For instance, think about jQuery — perhaps the most widely used JavaScript library. In jQuery, use of “… innerHTML is massively faster …” than the corresponding jquery.html(), in the words of Google Chrome Tooling specialist Paul Irish. That said, millions of web pages use the latter, despite the performance hit. To wring out such inefficiencies, you’ll need to do a performance audit, like the one a Google team did for Wikipedia in the write-up quoted immediately above.

Auditing at this level — whether of JavaScript, downloaded elements, or server-side computations — demands considerable experience and breadth of knowledge. Unfortunately, overnight success in not guaranteed. However, depending on the level of your expertise, try to cycle through the following steps:

  1. Run a good page-speed profiler.
  2. Compare the results to your organization’s business requirements for the pages in question.
  3. Use the profiler’s automated hints and suggestions as starting points for alternative codings.
  4. Measure your experiments and ruled by measurements, not subjective impressions.

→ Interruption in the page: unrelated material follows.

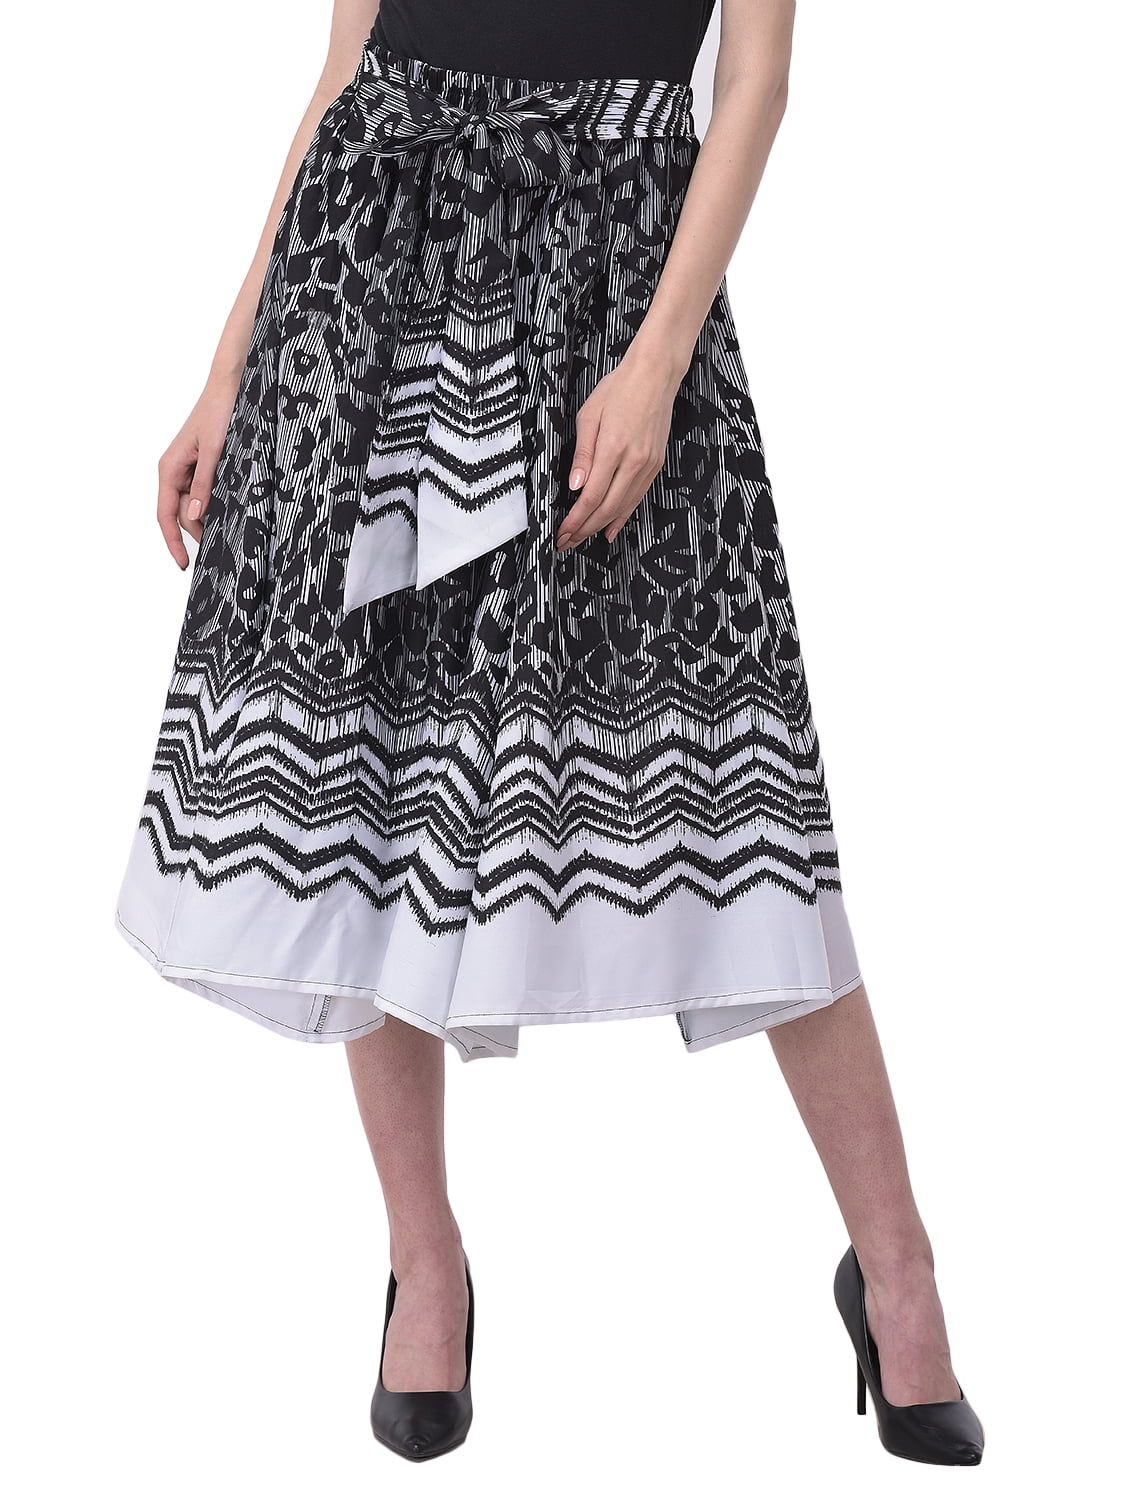 Aggregate 185+ buy ladies skirts online latest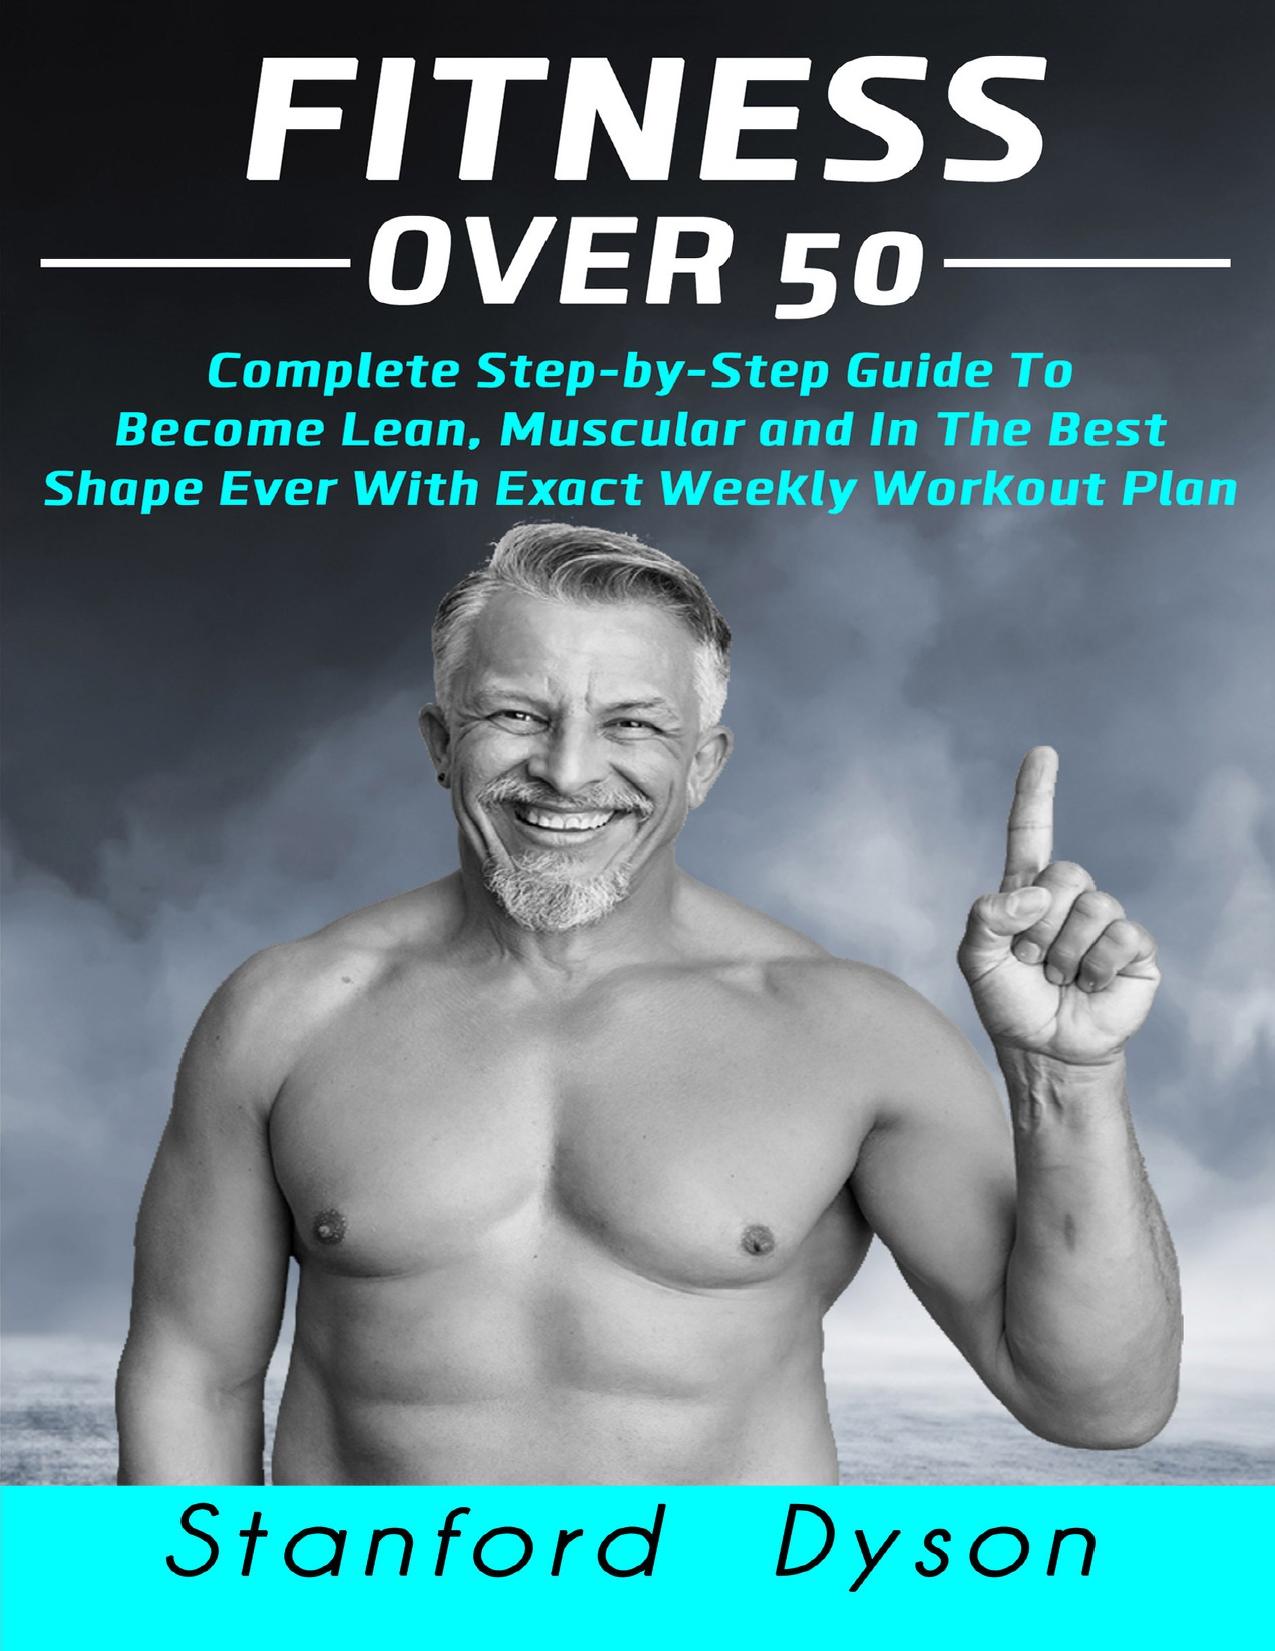 Fitness Over 50: Complete Step-by-Step Guide To Become Lean, Muscular and In The Best Shape Ever With Exact Weekly Workout Plan by Stanford Dyson

Working with a budget that won’t budge

Even if you’re on a tight budget, you still have options for improving site speed. In fact, it’s been my experience that every — and I mean every — team that uses a page-speed profiler, at all, systematically discovers at least one surprise with the potential to improve speed by at least 20 percent. And that’s without any fees or loss of end-user functionality.

Of course, if you have the means to hire help, you can still cut costs by getting a clear picture of what you have and what you want. The first step is deciding by how much you want to enhance user experience.